Reading 10 pages of non-fiction
I already read primarily non-fiction material, but I skip around between books. So I will only read 1 book at a time to improve my focus and retention.
Picture — one photo daily
This one is harder than it sounds. I never get in pictures. Fat people rarely do. While you really can’t see progress daily, this part of the challenge might make me less sensitive to seeing myself in pictures. It’s forcing me to look at myself every day and learn to appreciate what I have.
My plan is to report back periodically and describe any significant observations. I’m thinking of posting pictures at the halfway point in early September.
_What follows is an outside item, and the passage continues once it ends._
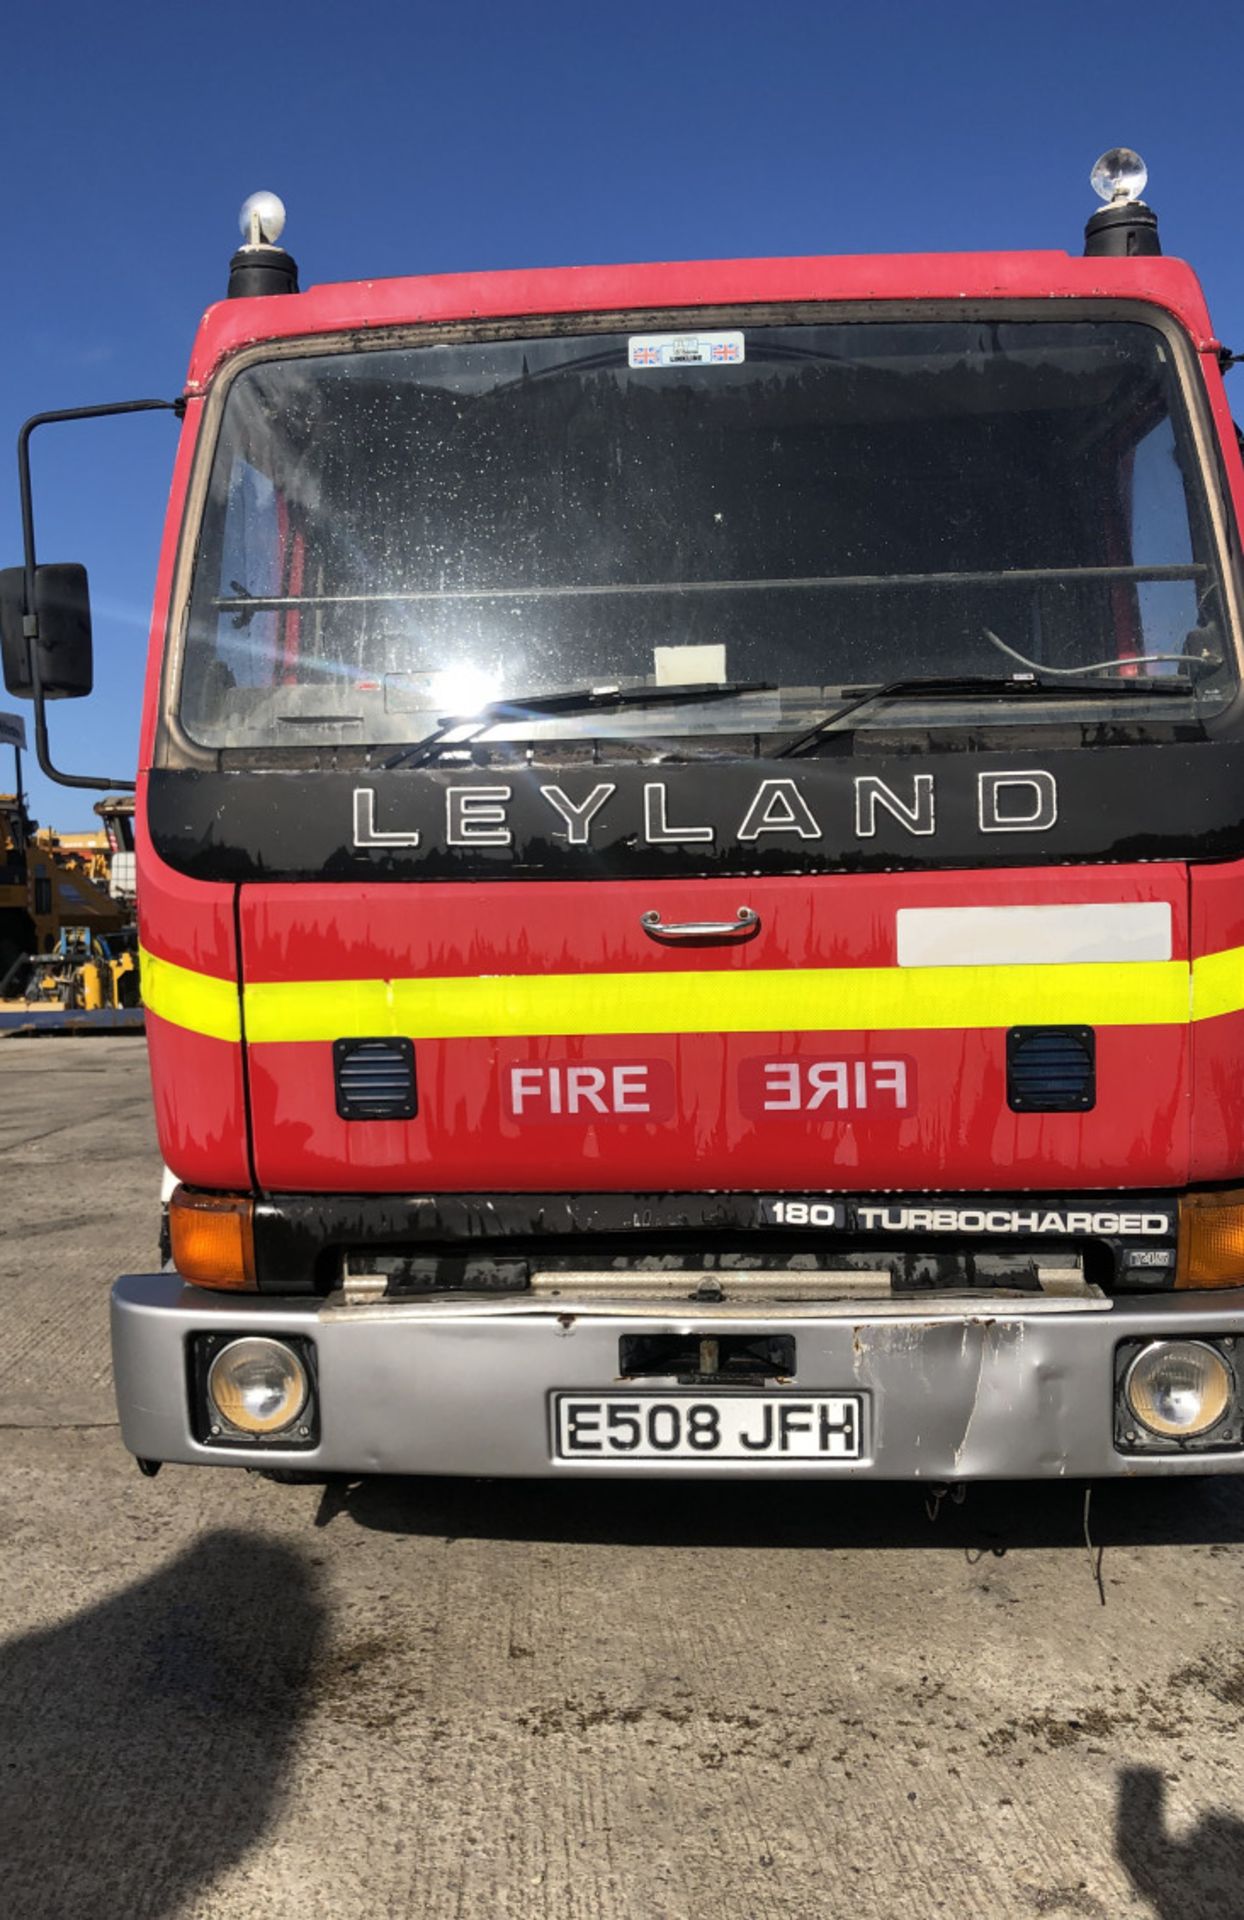 LEYLAND FRIEGHTER 1718 FIRE TENDER TRUCK - Image 10 of 11
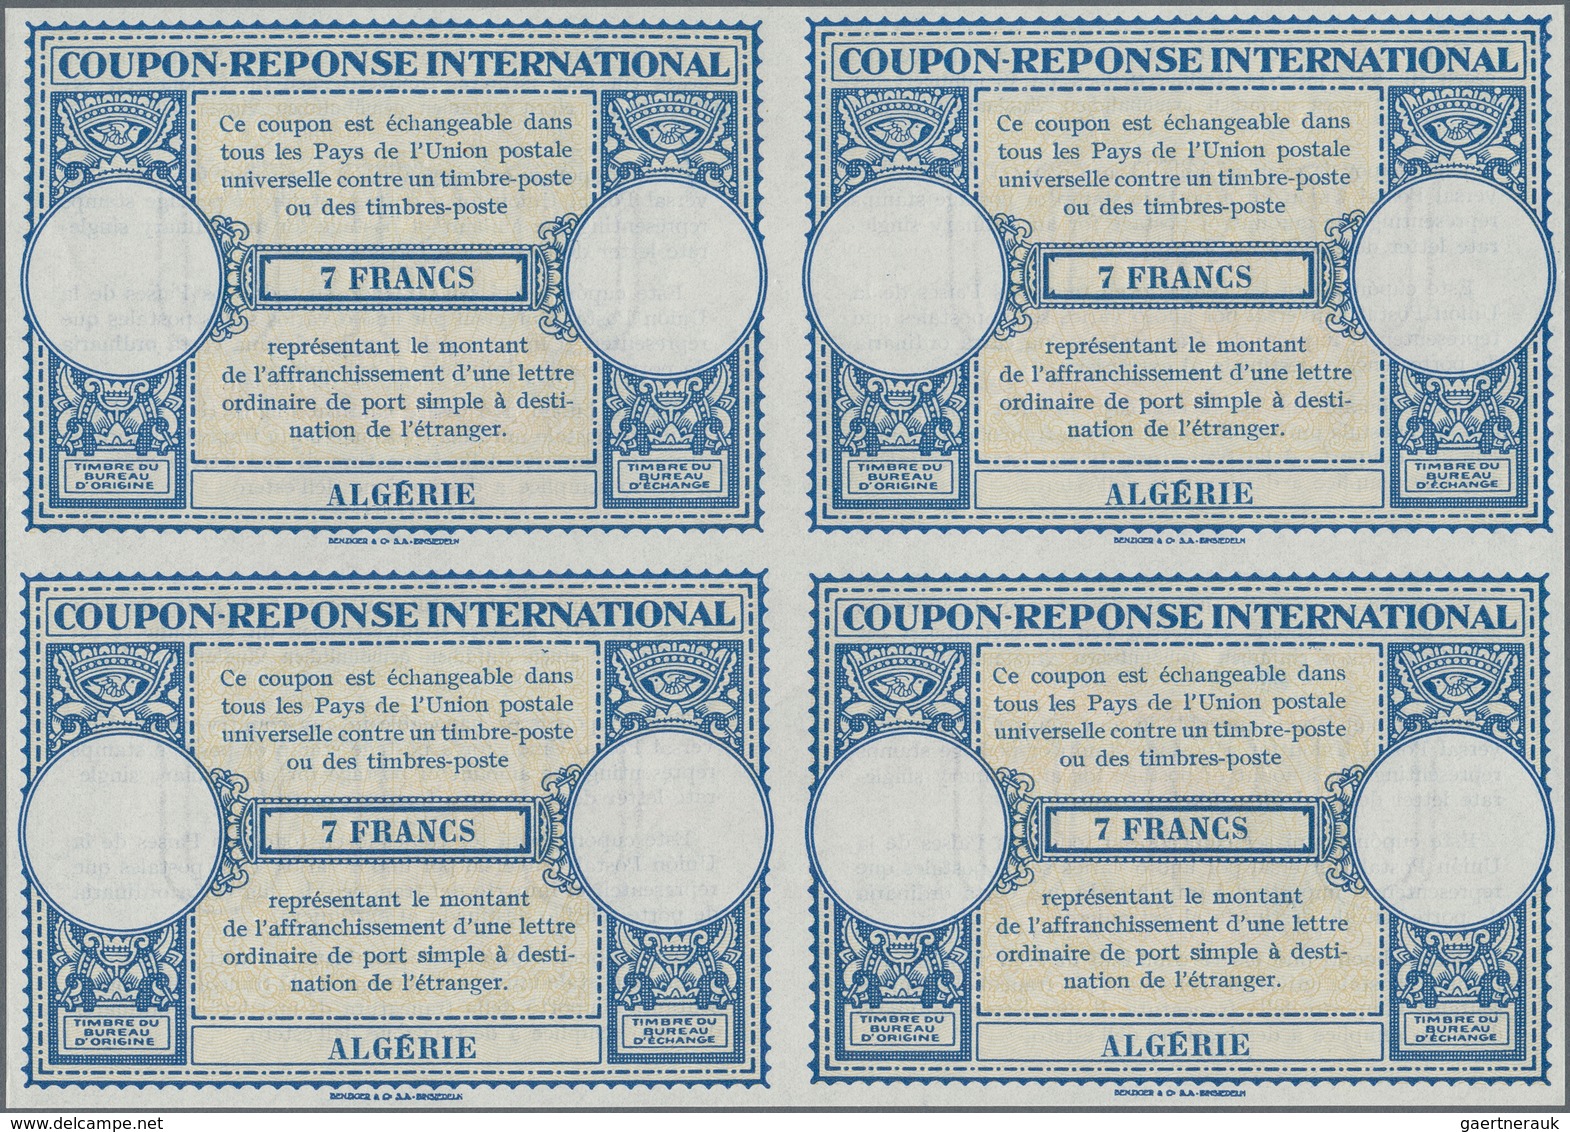 Algerien: 1940s (approx). International Reply Coupon 7 Francs (London Type) In An Unused Block Of 4. - Briefe U. Dokumente

I see this challenge as a kind of a game that may help me undo habits that have emerged recently (noshing on sweets, drinking diet soda, skipping workouts). These are unhealthy crutches I’ve used, mainly to deal with working at home during the pandemic. But they slow my fitness progress and keep me stuck in place. While the challenge may be hard, it really is a way for me to re-focus my efforts to get fitter and develop a better mindset. In more a typical year, I’d be training for specific events. This year, I’m training for life.
So no, it’s not 75 hard in the “pure” form, but rather it’s a meaningful challenge that won’t overly stress me. There’s enough to deal with at this point, and I can’t afford to fall back into dysfunctional behaviors.